В то время в Вятке, также в ссылке, но по обвинению в растрате казенного имущества, жил знаменитый архитектор Александр Лаврентьевич Витберг, чей неосуществленный проект храма Христа Спасителя в Москве является и до сей поры одним из самых драгоценных памятников русского искусства. Витберг был натурой религиозной, мистической; его влияние на Герцена было подобно влиянию Натальи Александровны.
Изгнанники скоро сошлись и подружились. Витберг был значительно старше и летами, и опытом, но это не помешало сближению. Семейство Витберга еще не приезжало в Вятку, и он поселился в одном доме с Герценом. Зонненберг уже укатил на ирбитскую ярмарку, и друзья вдвоем устроили какую-то артистическую жизнь. Что-то строгое, монастырское царило в их комнатах. Целые дни они проводили в оживленных, нескончаемых беседах, часто вечерами засиживались до глубокой ночи, поверяя друг другу свои думы, свою веру, свои обиды.

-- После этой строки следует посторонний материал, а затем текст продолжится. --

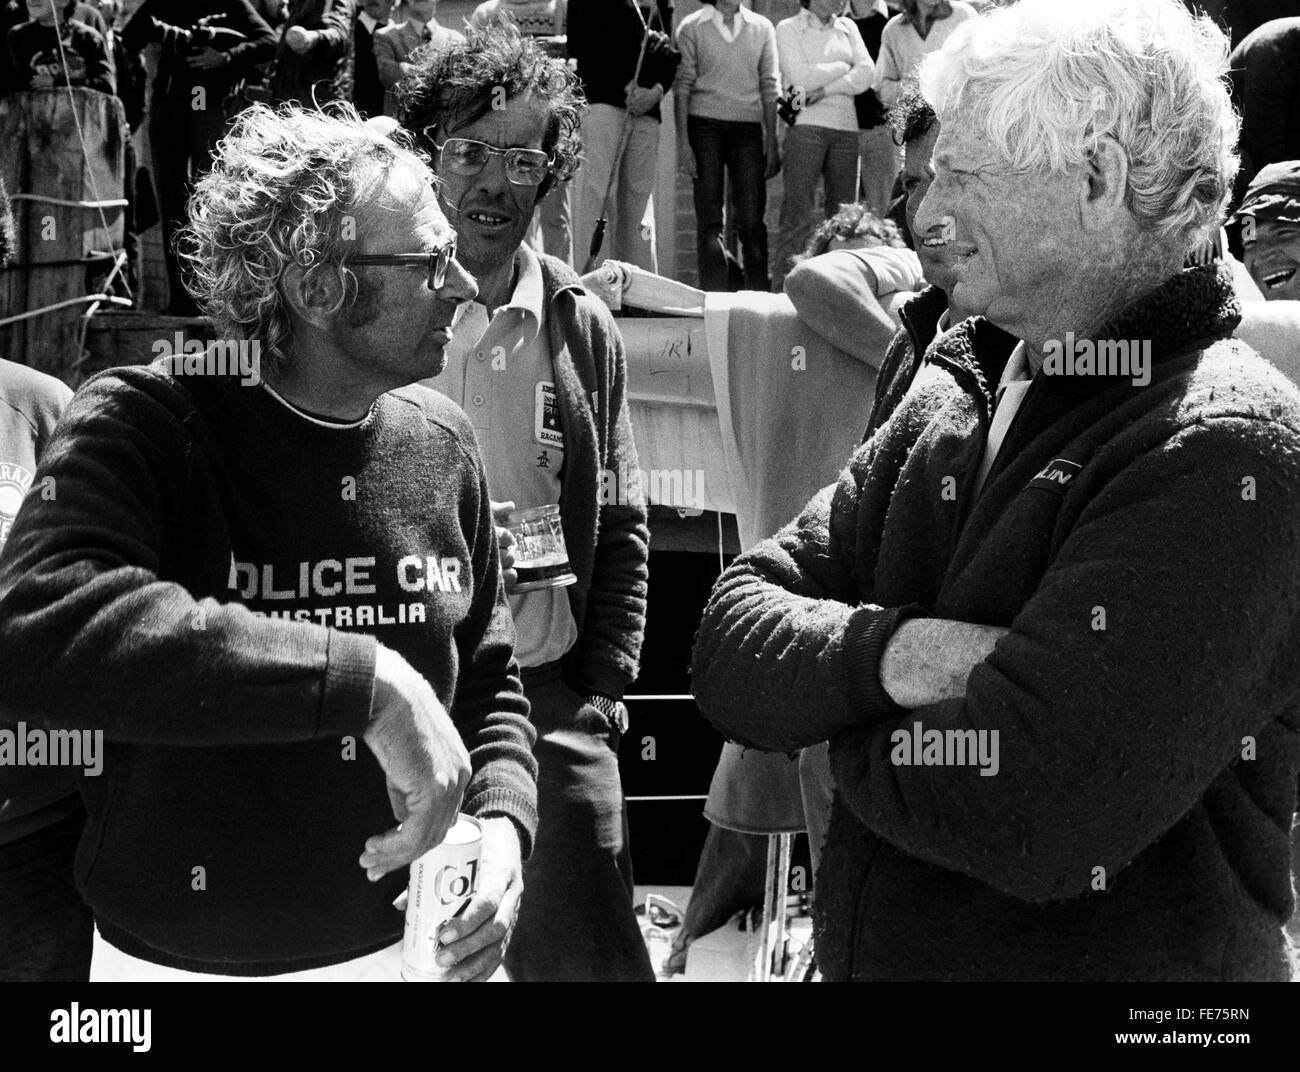 AJAXNETPHOTO - 15th August, 1979. PLYMOUTH, ENGLAND - FASTNET RACE - (r-l) SYD FISCHER (AUS) SKIPPER OF THE YACHT RAGAMUFFIN AND PETER CANTWELL (AUS), SKIPPER OF POLICE CAR DISCUSS THEIR EXPERIENCES IN THE STORMY RACE. PHOTO:JONATHAN EASTLAND/AJAX REF: 79108 1 Stock Photo

«Natalie, – говорил Герцен, – едва указала мне Бога, и я стал веровать. Пламенная же душа артиста переходила границы и терялась в темном, но величественном мистицизме, и я нашел в мистицизме больше жизни и поэзии, чем в философии. Благословляю то время».
Этот темный, величественный мистицизм спасал Витберга от отчаяния и поглощал в себе его глубокую, безысходную тоску. Ссыльный, опозоренный, признанный чуть ли не вором, жил он в Вятке, зная, но не смея даже допустить в мыслях, даже наедине с самим собою, что его проект – его мечта – неосуществленный сойдет вместе с ним в могилу. К величественному и грандиозному стремилась его душа, и эти святые порывы он воплотил в своем храме. Судьба, казалось, была на его стороне: Александр I признал гений художника, одобрил его планы и чертежи. Приступили к работам, и вдруг все рухнуло от зависти, злобы, клеветы.
«Не здание храма, – говорит Герцен, – хотел воздвигнуть художник, а молитву Богу… Храм должен был состоять из трех отдельных. Первый храм – нижний, храм телесный, тремя сторонами вдается в гору; свет проникает в него с четвертой стороны – восточной. Алтарь освещают огромные стекла с изображением Рождества Христова. Свод поддерживается столбами из гранита. Стены украшены черным, белым и серым мрамором. Барельефы изображают историю и смерть Спасителя и апостолов. В углублении – катакомбы в память всех воинов, павших за отечество. Свод образует фундамент второго храма и завершается катакомбой, в которой должны быть положены воины, павшие за отечество в 1812 году. Внутренние лестницы соединяют нижний храм со вторым».
В темные осенние вечера, в долгие летние ночи Витберг со страстью и упованием посвящал Герцена в тайны и символику своего грандиозного проекта и передавал ему те обстоятельства жизни, которые раздавили и растоптали мечты художника.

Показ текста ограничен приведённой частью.